Teams will also be prohibited from resting even one-star player for national TV games or in-season tournament games.

The NBA has implemented this rule to crack down on load management across the league.


Fans have complained about the lack of stars playing and missing out on crucial games, affecting fans’ desire to enjoy said games. The team that will be most affected by this new rule is none other than the Los Angeles Clippers. The Clippers have enjoyed load-managing both Paul George and Kawhi Leanord through the regular season since acquiring both in 2019.

Under this new rule, if the Clippers were to make up an injury to keep Leonard and George out, they would be subject to league investigation.

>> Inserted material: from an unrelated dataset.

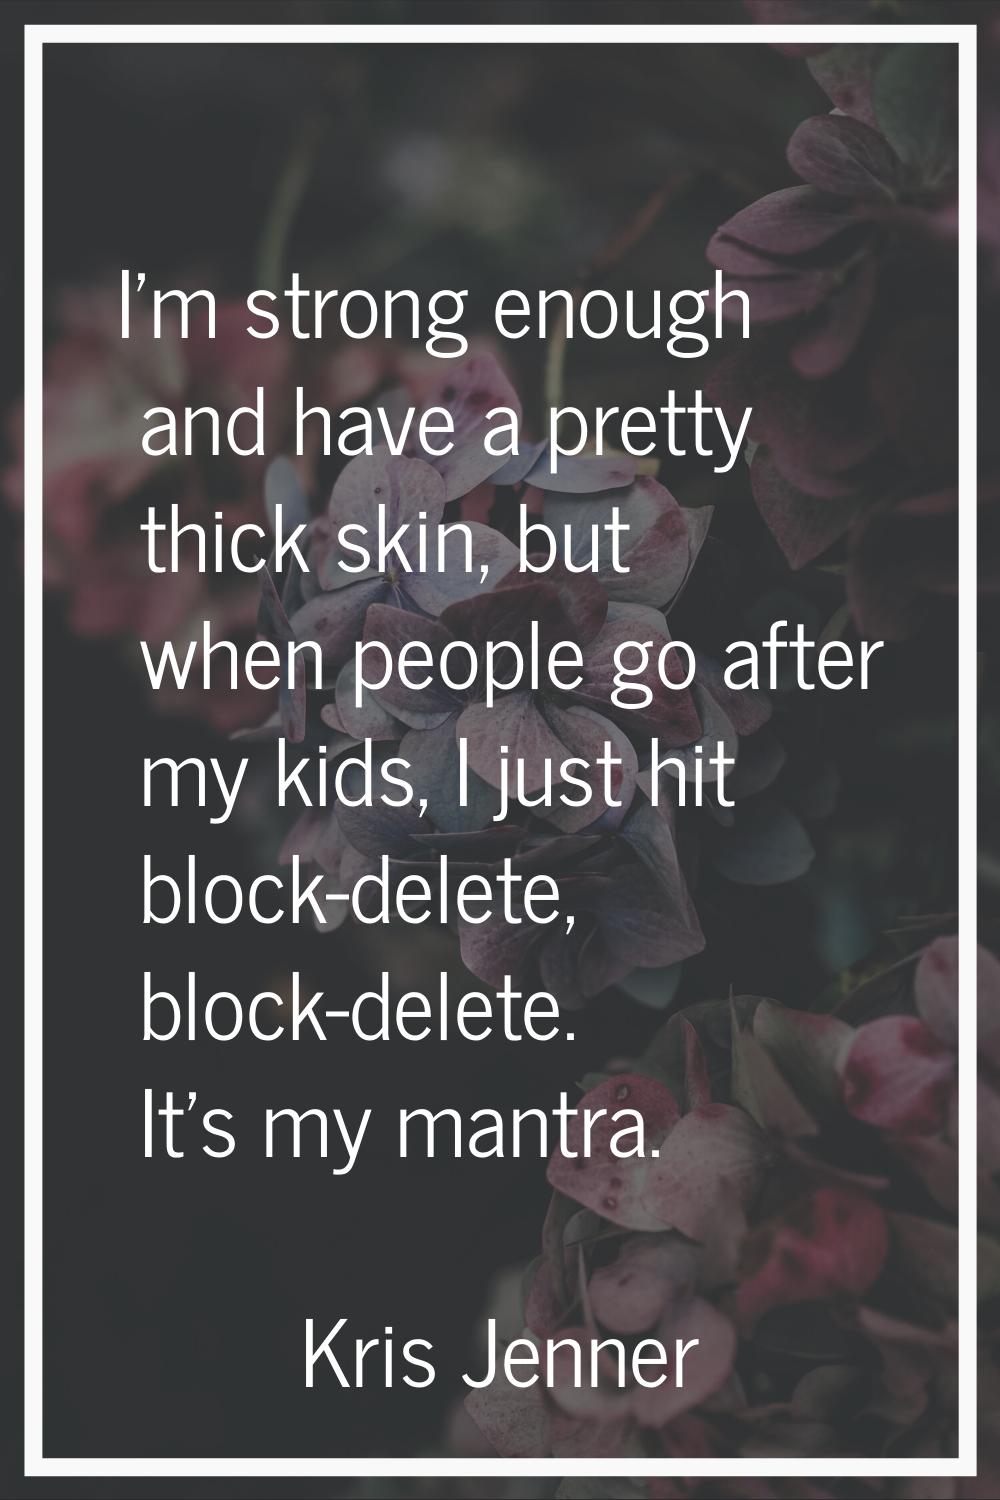 I'm strong enough and have a pretty thick skin, but when people go after my kids, I just hit block-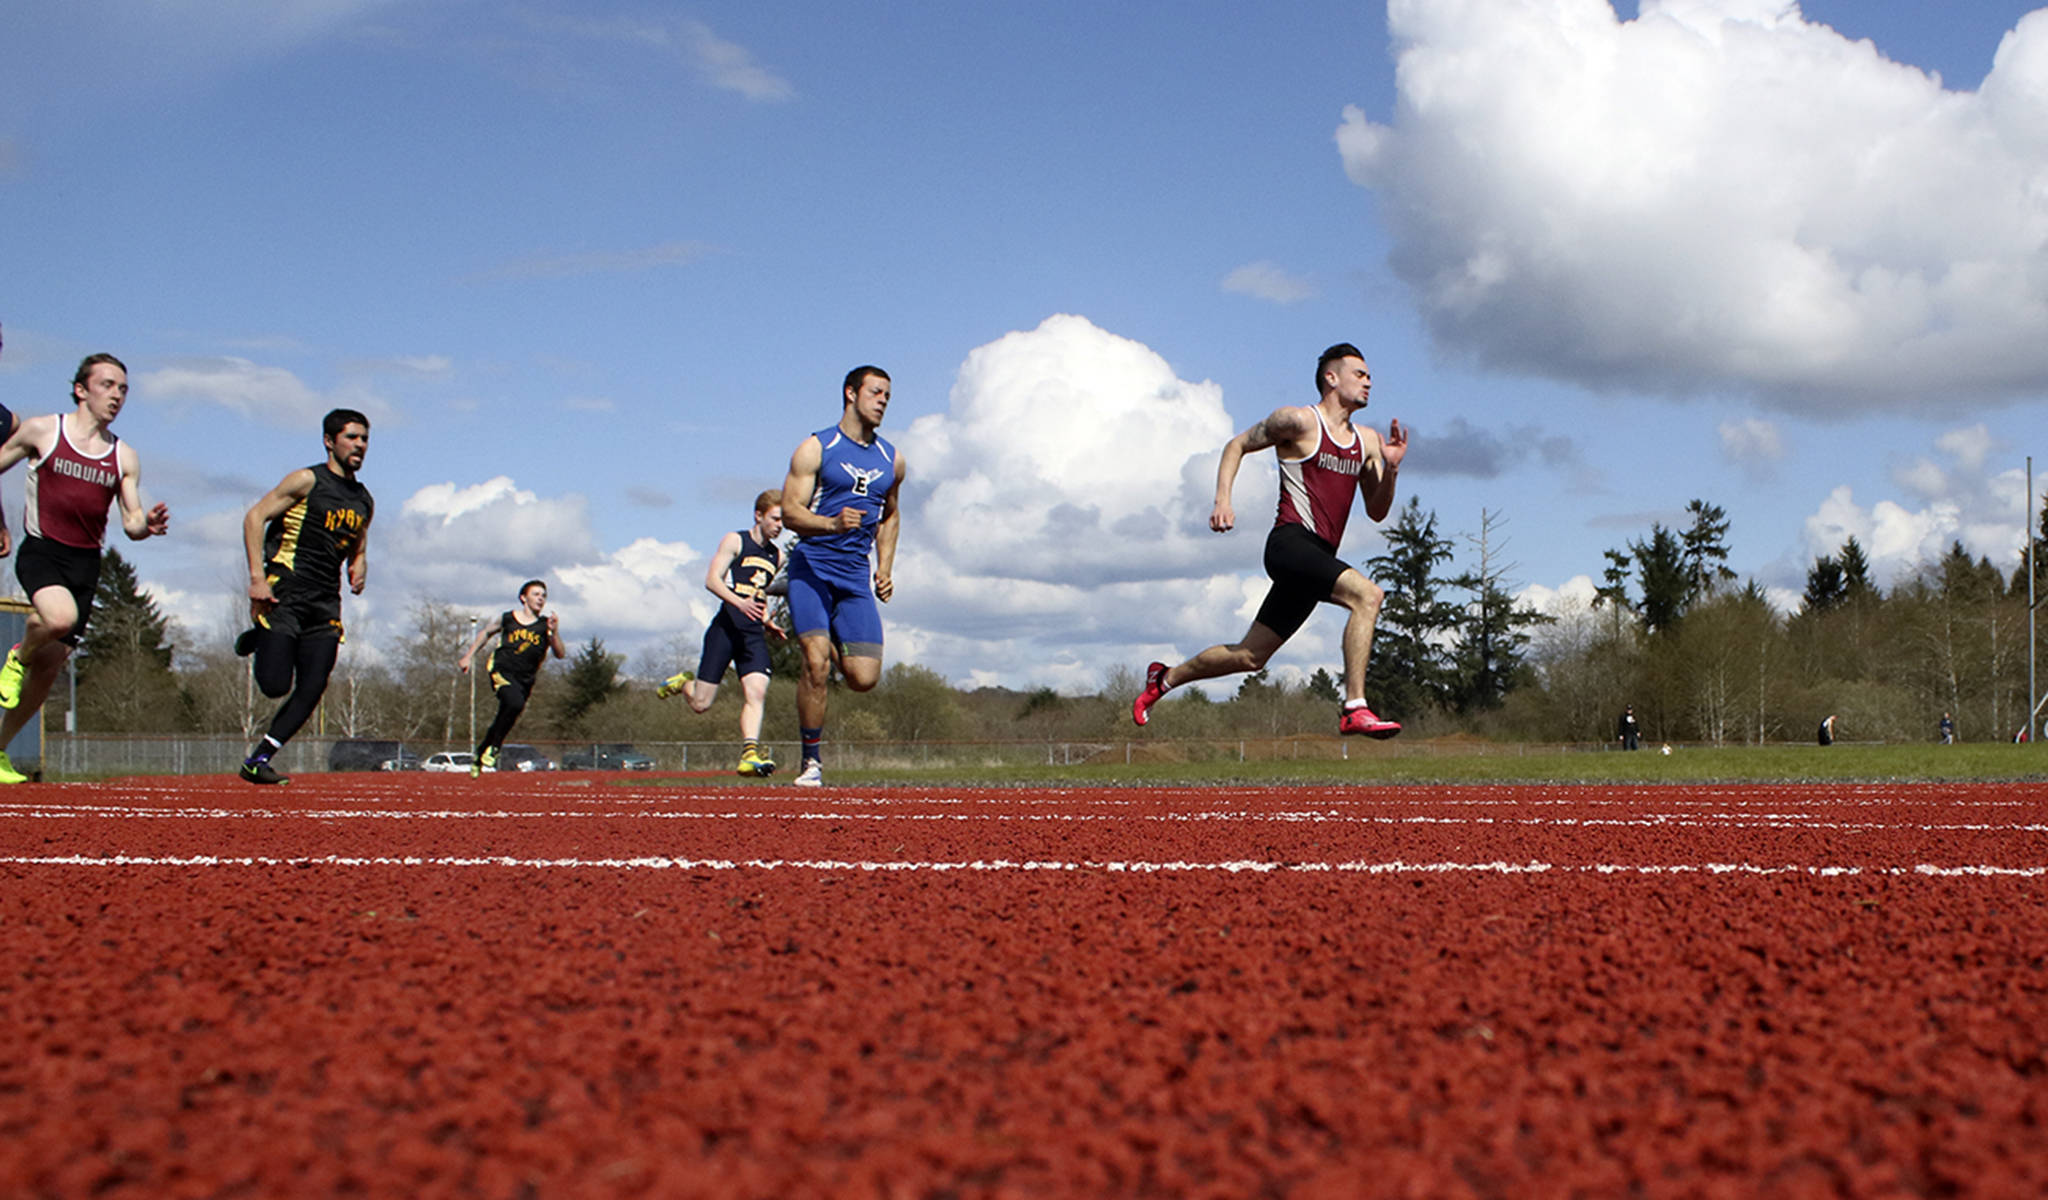 (Brendan Carl | The Daily World) Hoquiam’s Anthony Nash leads the field in the 200 during the Ray Ryan Memorial Grays Harbor All-County Track & Field Championships on Saturday. Nash was selected as the male athlete of the meet.

They will also be forbidden to rest either star for national TV or in-season tournament games, just like the rest of the league. The penalty for resting stars will be $100,000 for the first offense, $250,000 for the second, and $1 million more than the previous penalty for each additional fine.


Under this new rule, the Chicago Bulls have three players who qualify: Nikola Vucevic, Zach LaVine, and DeMar DeRozan.

This means that no combination of two of these three players can be rested on the same night, and not a single one can rest for national TV games.


Of course, if a legitimate injury is involved, another star can rest (e.g., If DeRozan is injured, LaVine or Vucevic will be permitted to rest, but not both).

However, there is one exception, and luckily for the Bulls, DeRozan qualifies for this exception. Teams can seek preapproved load management for stars 35 and older by opening night, who have played more than 34,000 minutes, and NBA players who have played a combined 1,000 career regular season and playoff games. Seven NBA players qualify: Steph Curry, Kevin Durant, Lebron James, Chris Paul, James Harden, Mike Conley, and DeMar DeRozan.

DeRozan qualifies for this exception since he has played in over 1,000 games in his career. Teams must seek preapproval from the NBA to rest these qualifying players.